If anyone says that the transgression of Adam injured him alone and not his posterity, and that the holiness and justice which he received from God, which he lost, he lost for himself alone and not for us also; or that he, being defiled by the sin of disobedience, has transfused only death and the pains of the body into the whole human race, but not sin also, which is the death of the soul: let him be anathema. For he contradicts the Apostle who says: "By one man sin entered into the world and by sin death; and so death passed upon all men, in whom all have sinned" (Romans 5:12).

St. Augustine interpreted that passage from Romans as implying that the "sin" which the first man introduced into the world involves the personal guilt of all who are descended from him. That interpretation has been very influential in Western theology. Yet gradually and inexorably, the Catholic Church has repudiated it. Thus CCC §405:

Although it is proper to each individual, original sin does not have the character of a personal fault in any of Adam's descendants.

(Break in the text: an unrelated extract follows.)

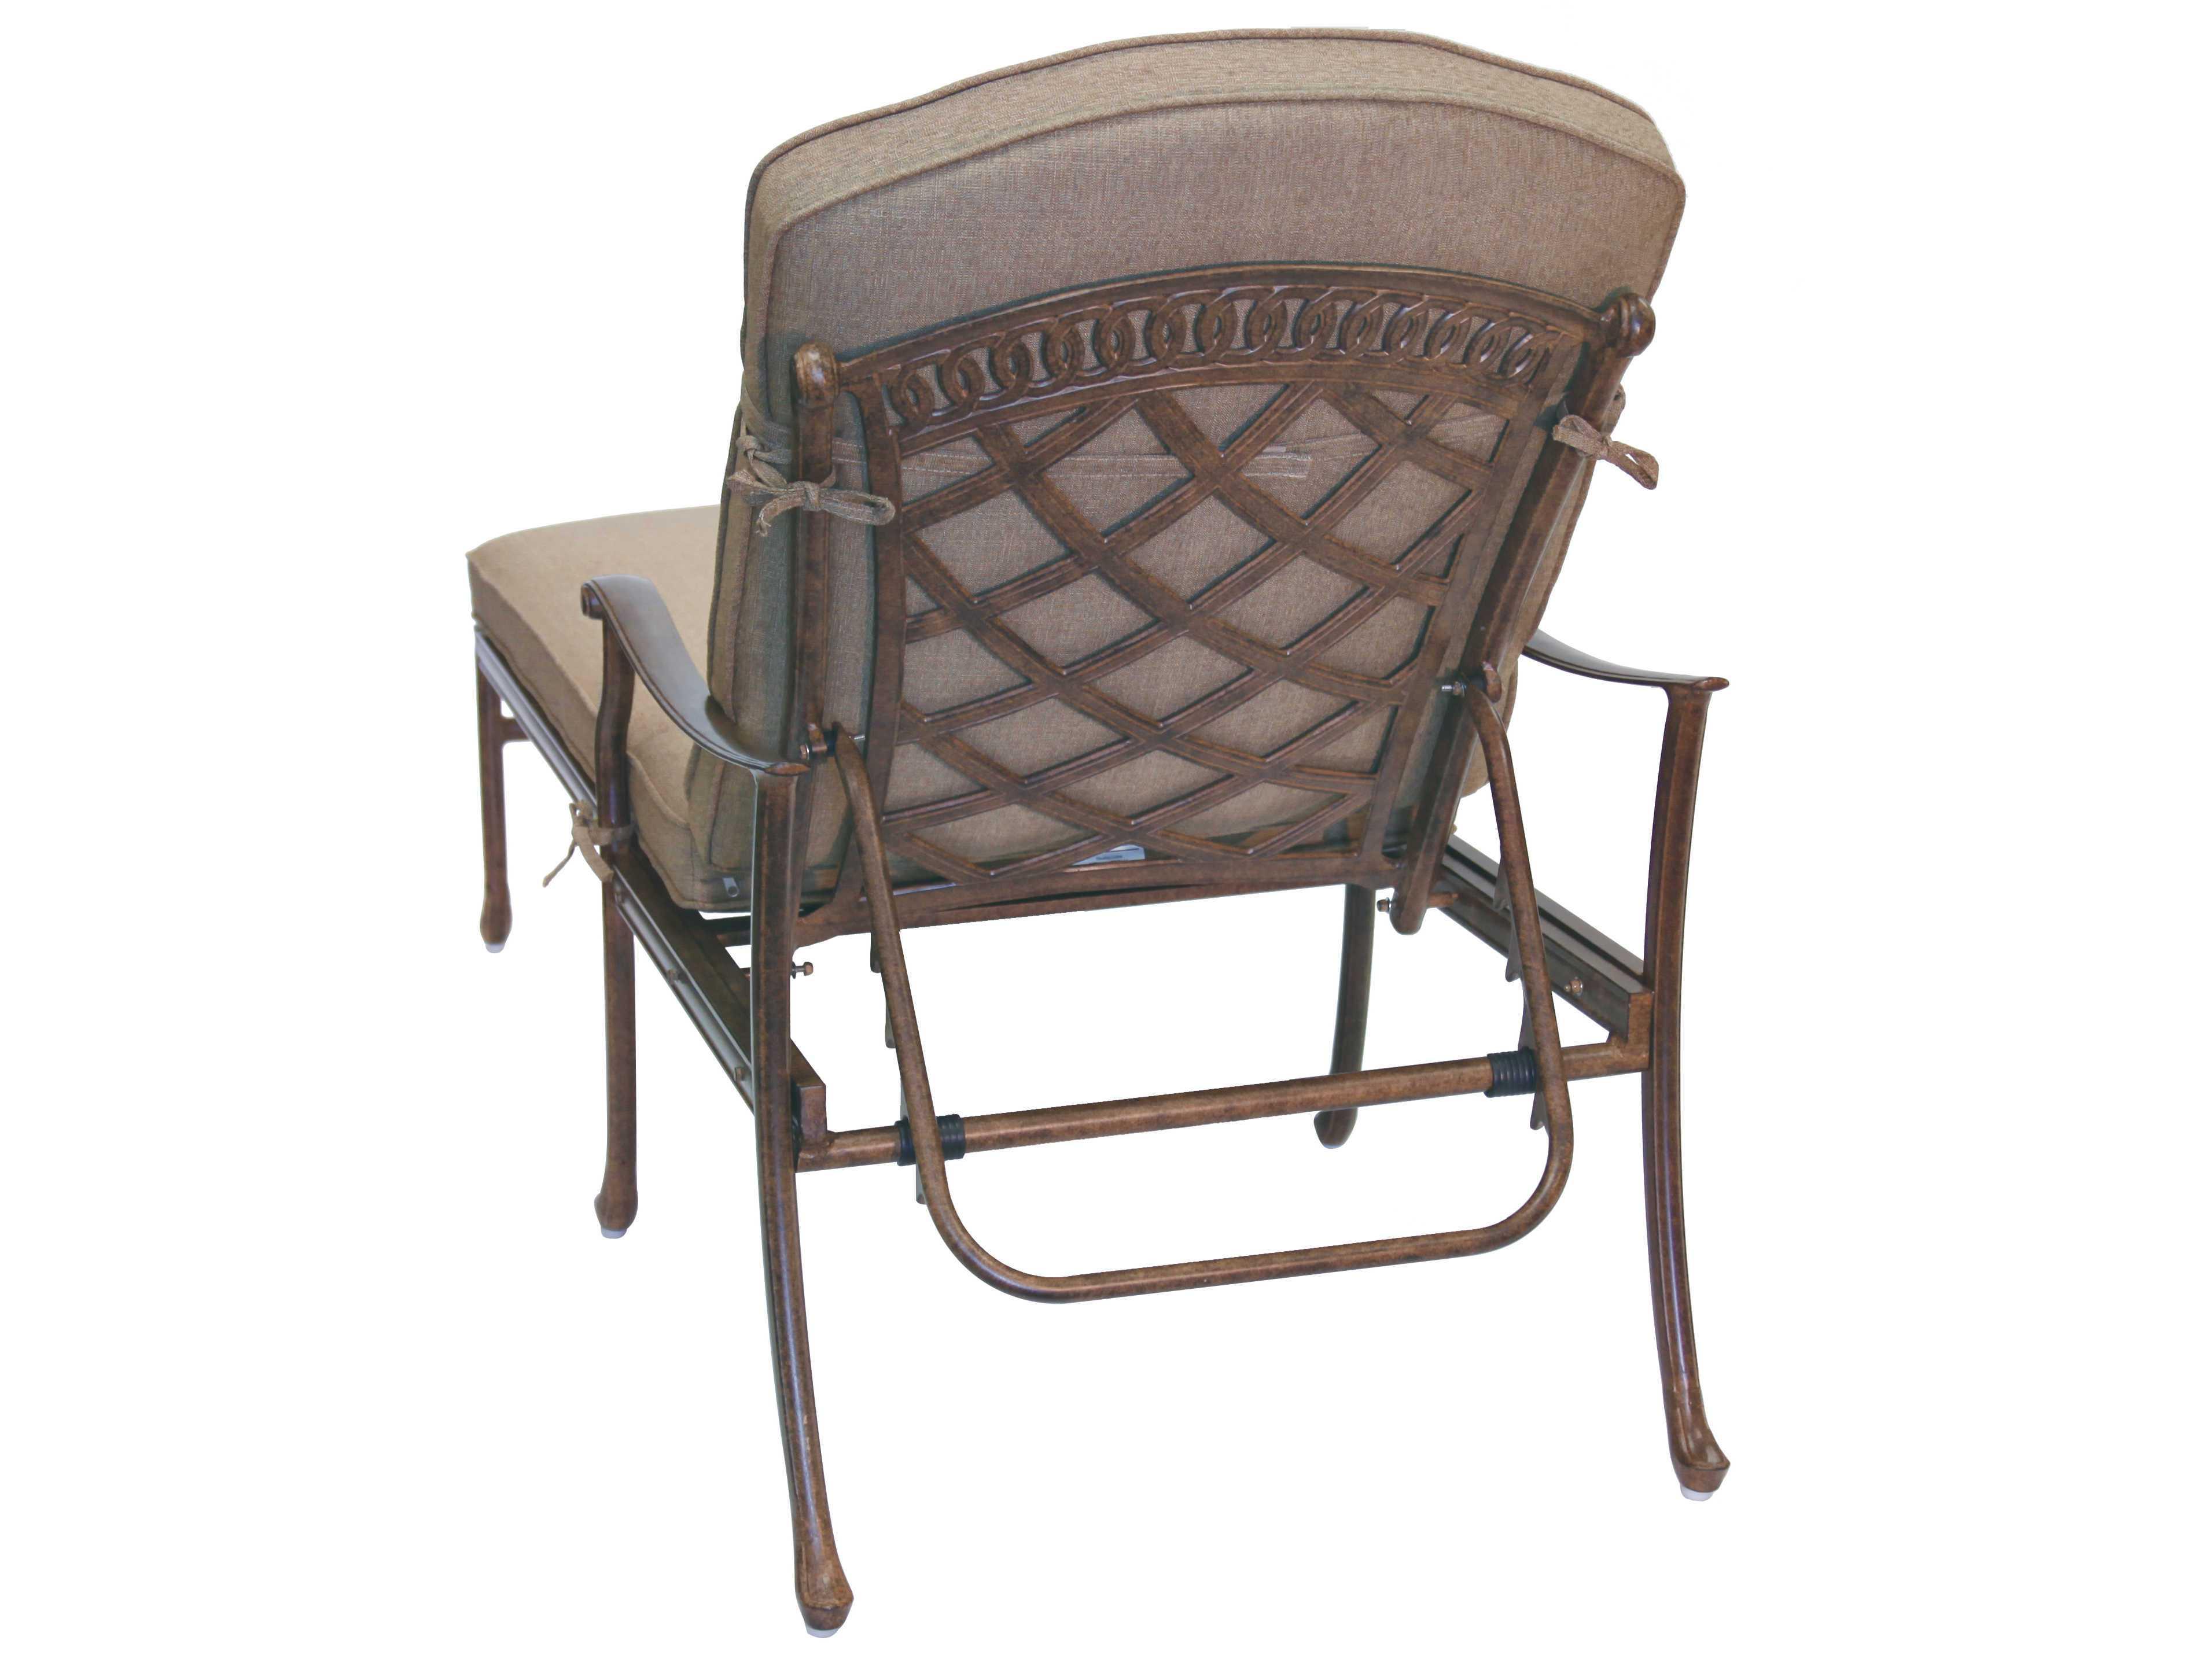 Darlee outdoor living standard sedona cast aluminum chaise for Cast aluminum outdoor chaise lounge

It is a deprivation of original holiness and justice, but human nature has not been totally corrupted: it is wounded in the natural powers proper to it, subject to ignorance, suffering and the dominion of death, and inclined to sin—an inclination to evil that is called "concupiscence".

Therefore, original sin is distinct from the first sin as its consequence on the one hand, and from concupiscence on the other hand, which is one of its chief consequences. It is a state of alienation from God that we all inherit from our first parents. Mary's preservation from the "stain" of original sin consists primarily in her never having existed in that state. She was always kecharitomene, "full of grace," and grew ever fuller with every choice she made. We are called to do the same.

But how can we identify with Mary? Isn't she "too perfect"? She is and always will be the greatest of the "saints," God's holy ones. None of us will ever be as great as she in the Kingdom of God. But that is not primarily her doing. Sure, she cooperated with the Holy Spirit with her fiat and all her other choices, as we are expected to. But her special privileges were neither earned nor able to be earned. That should be a great comfort to us. Even as we stumble and struggle in our spiritual combat, we can know that God will fill up what is lacking in those who persevere—just as our own suffering can and should "fill what is lacking" (Colossians 1:24) in the divine suffering that made our salvation possible. By the Mother of God's intercession, that can be more than enough.